Rail service in Trenton dates back to the days of the Camden and Amboy Railroad, which built a station on East Street in 1837, until it was moved to the current site in 1863. The C&A was merged into the United New Jersey Railroad and Canal Company in 1867 and acquired by the Pennsylvania Railroad in 1893, which replaced the station the same year.
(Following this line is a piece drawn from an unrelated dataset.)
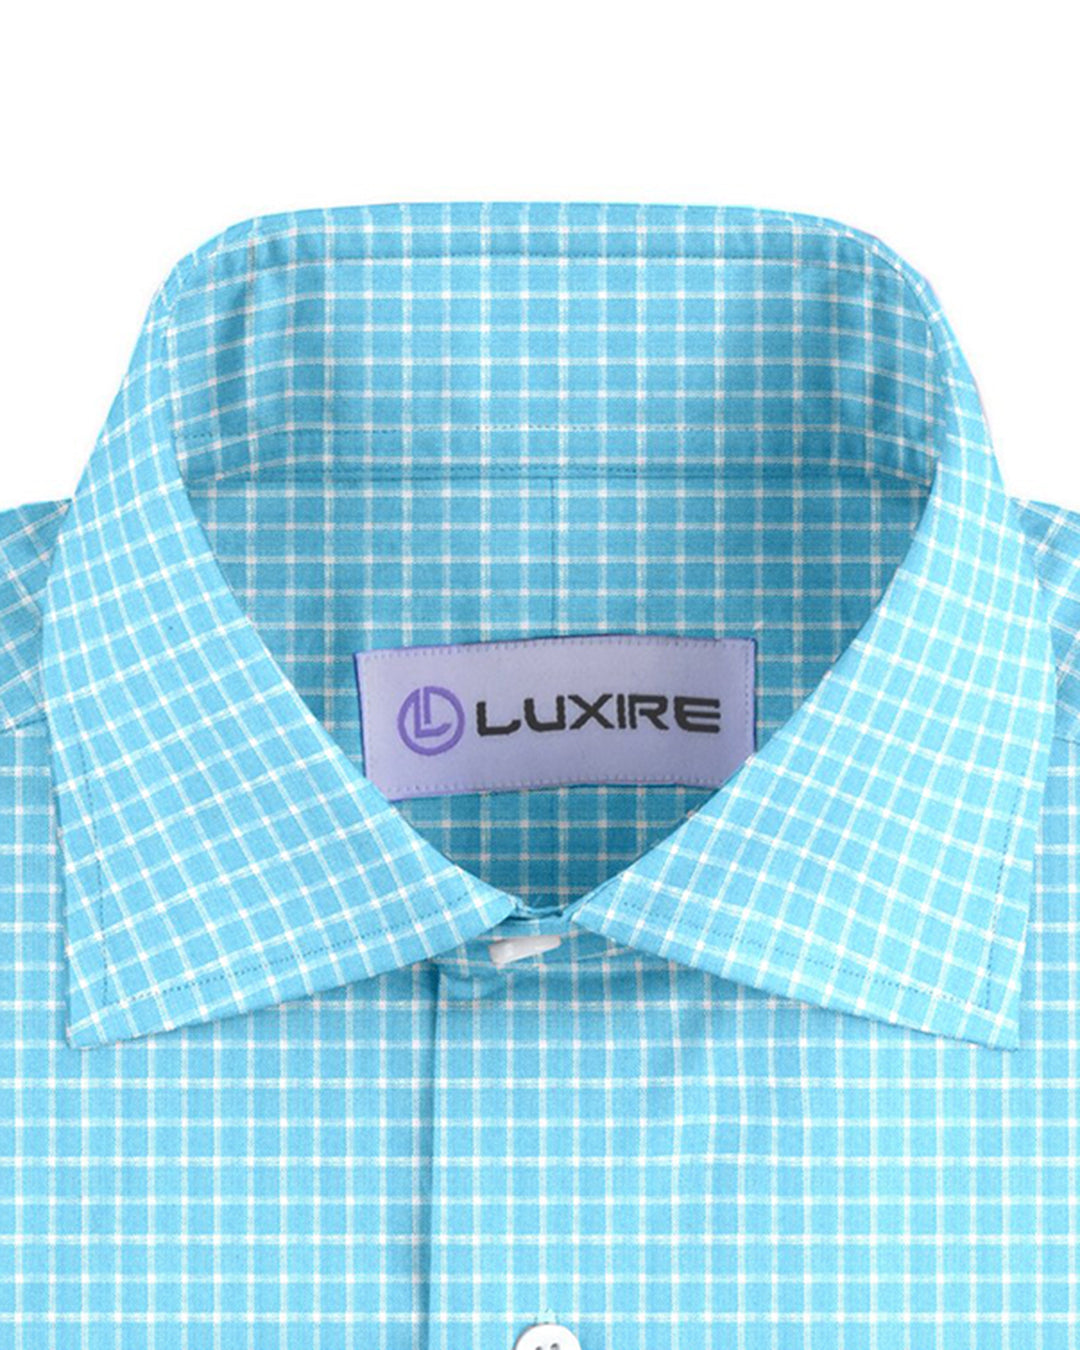 Collar of the custom linen shirt for men in teal and blue checks by Luxire Clothing

As with many PRR stations, especially in New Jersey, the station became a Penn Central station once the New York Central merged with the PRR in 1968. Amtrak took over intercity railroad service in 1971, but Penn Central continued to serve commuters, even as the station building closed in 1972. In 1976, the bankrupt Penn Central and Amtrak built the new Trenton Rail Station just before Penn Central's rail assets were taken over by Conrail. It was built to a standard template used at many Amtrak stations built in the 1970s and early 1980s, with a rectangular shape and a boxy, cantilevered metal roof. NJ Transit Rail Operations took over the station when it acquired Conrail's New Jersey commuter lines in 1983, but the station continued to serve Amtrak as well as SEPTA Regional Rail to Philadelphia. From 2006 to 2008, a major reconstruction project authorized by NJT took place with $46 million worth of federal aid, and $33 million worth of state funding that resulted in the current Trenton Transit Center.